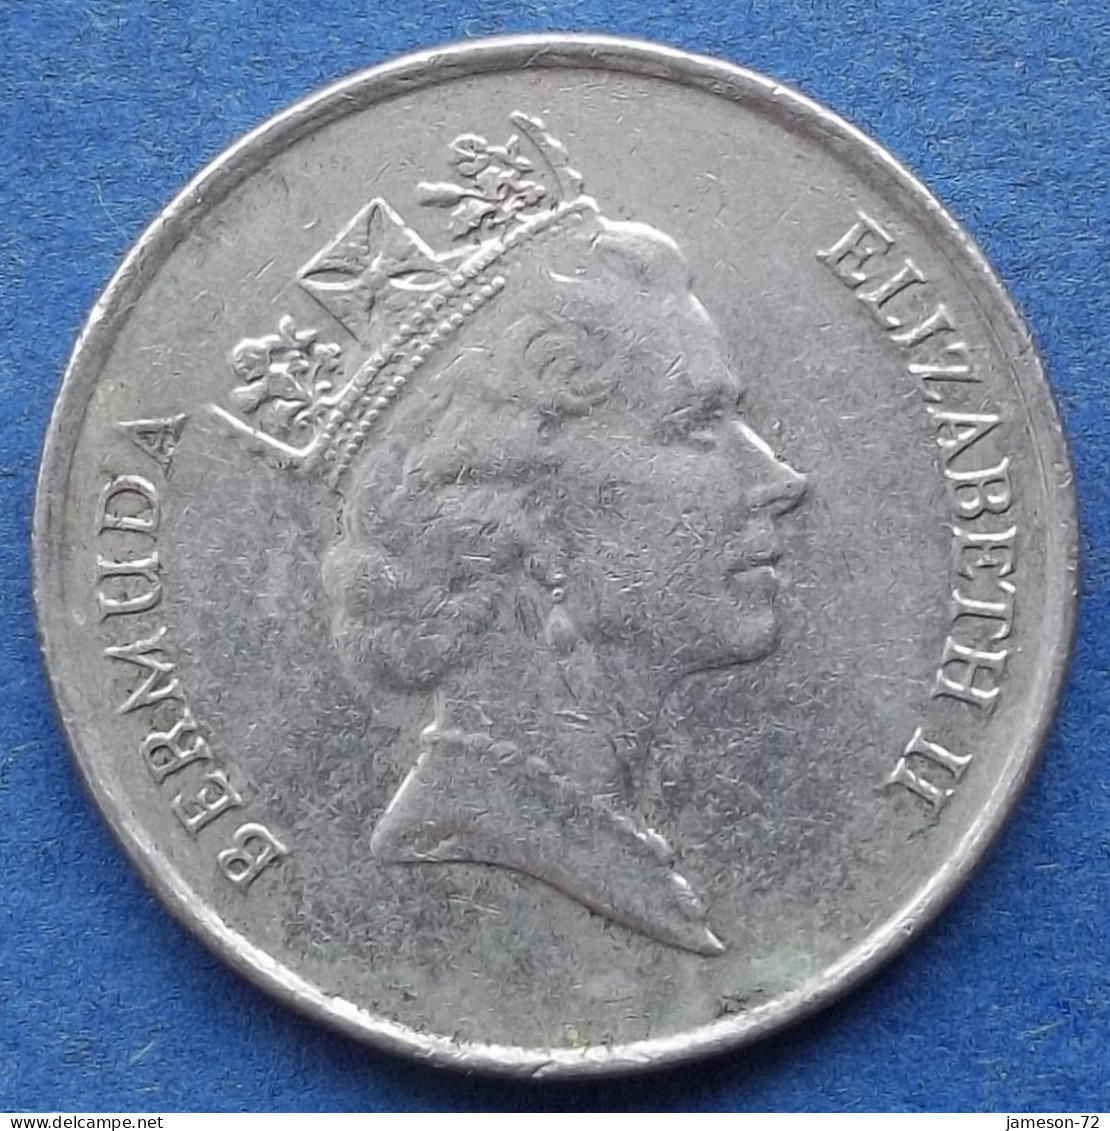 BERMUDA - 25 Cents 1995 "White-tailed Tropicbird" KM# 47 Elizabeth II Decimal Coinage (1970-2022) - Edelweiss Coins - Bermuda
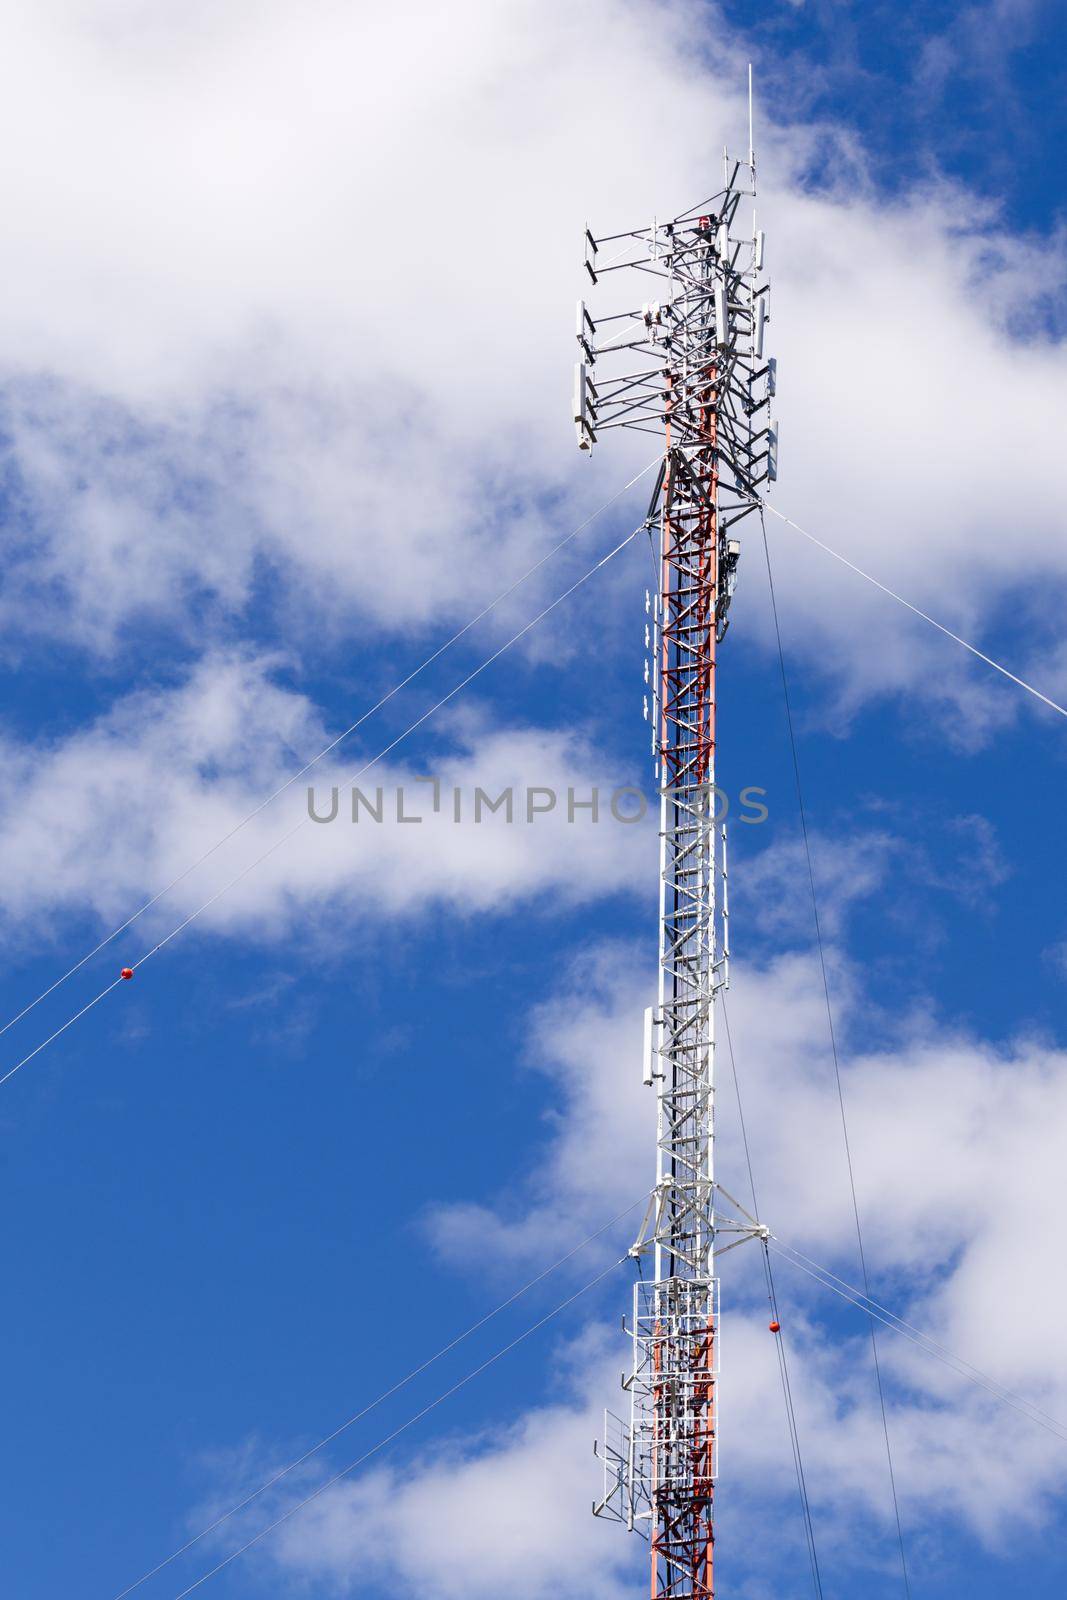 Communications antenna lattice truss tower by PiLens
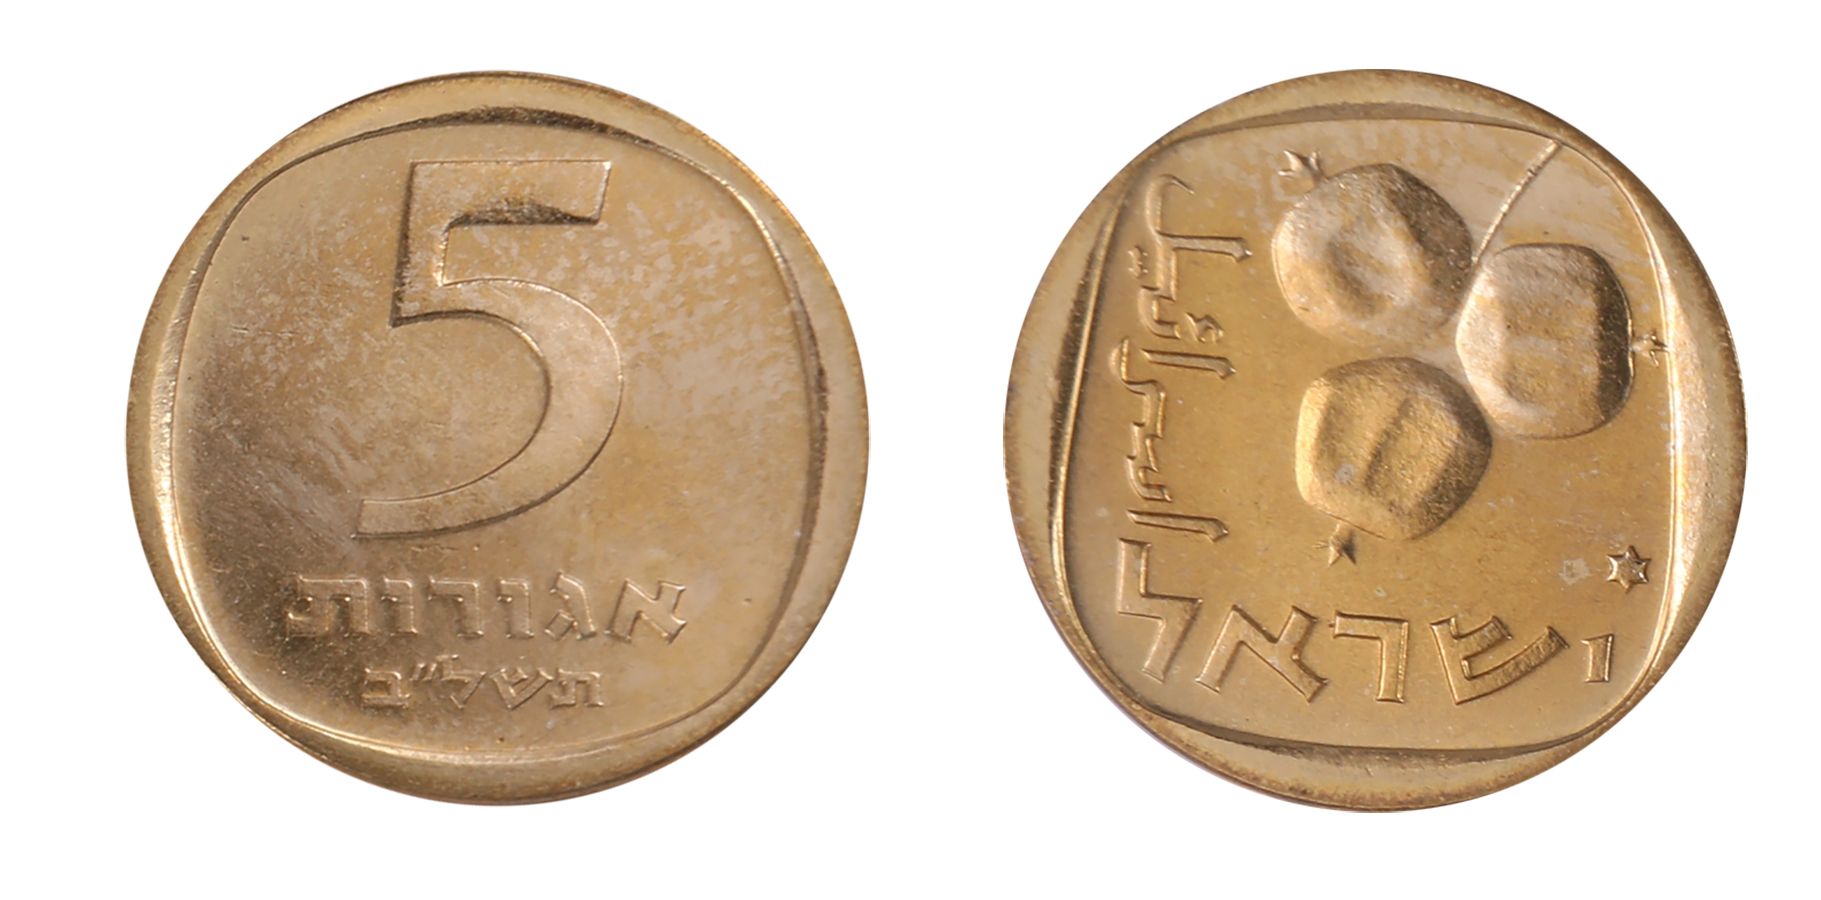 ISRAEL SET 6 COINS 1 5 10 25 AGOROT 1/2 1 LIRA 1974 AU-UNC
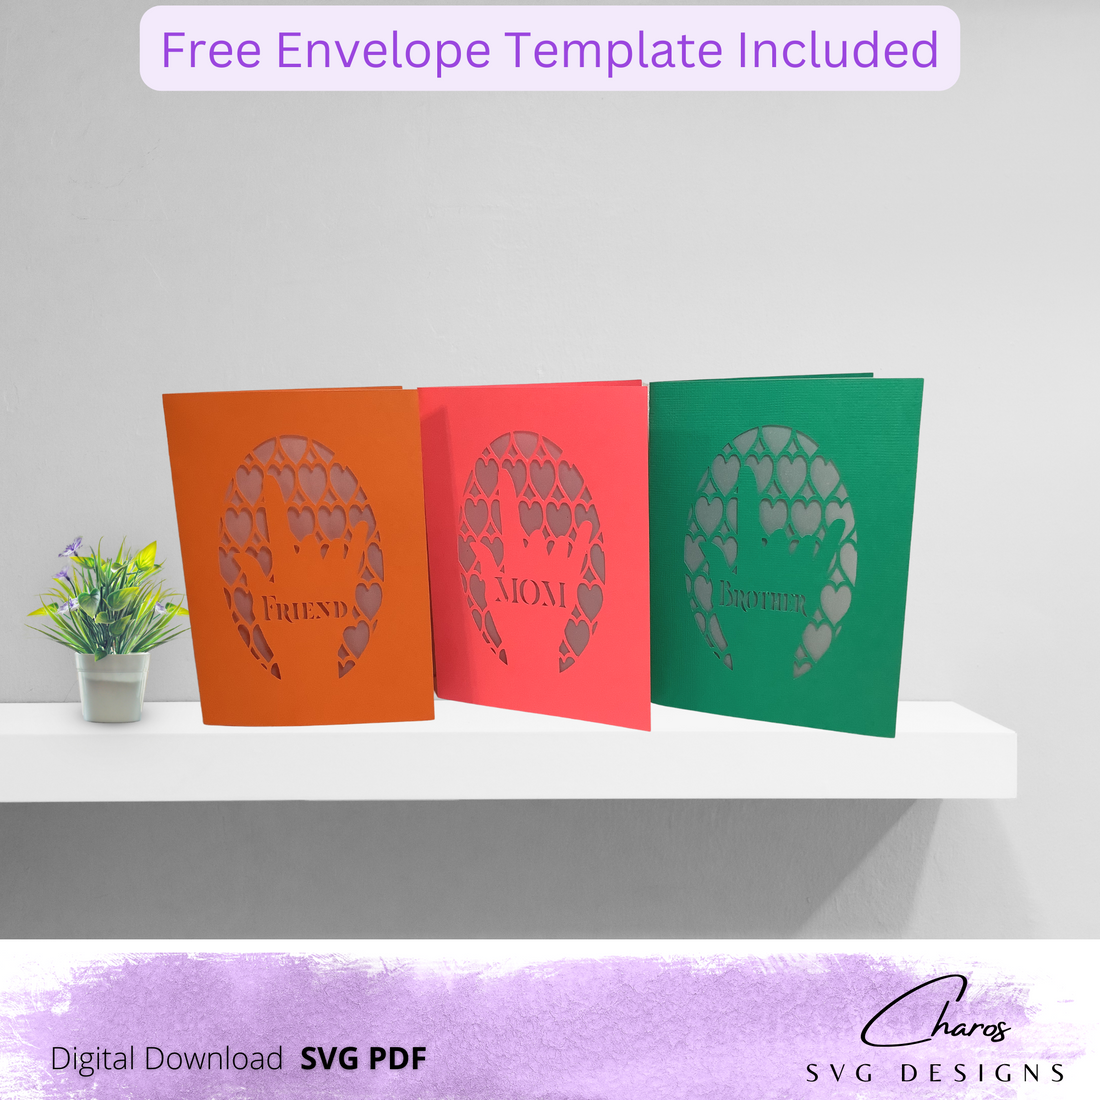 SVG: I Love You in Sign Language | Mega Greeting Card Bundle with Free Envelope Template | Cricut Cut File

════════════════════

- [Problem statement]
Pictures are to be left out; the listing above is otherwise to be copied exactly.

- [Response]
 BERMUDA - 25 Cents 1995 "White-tailed Tropicbird" KM# 47 Elizabeth II Decimal Coinage (1970-2022) - Edelweiss Coins - Bermuda
 Communications antenna lattice truss tower by PiLens
 ISRAEL SET 6 COINS 1 5 10 25 AGOROT 1/2 1 LIRA 1974 AU-UNC
 SVG: I Love You in Sign Language | Mega Greeting Card Bundle with Free Envelope Template | Cricut Cut File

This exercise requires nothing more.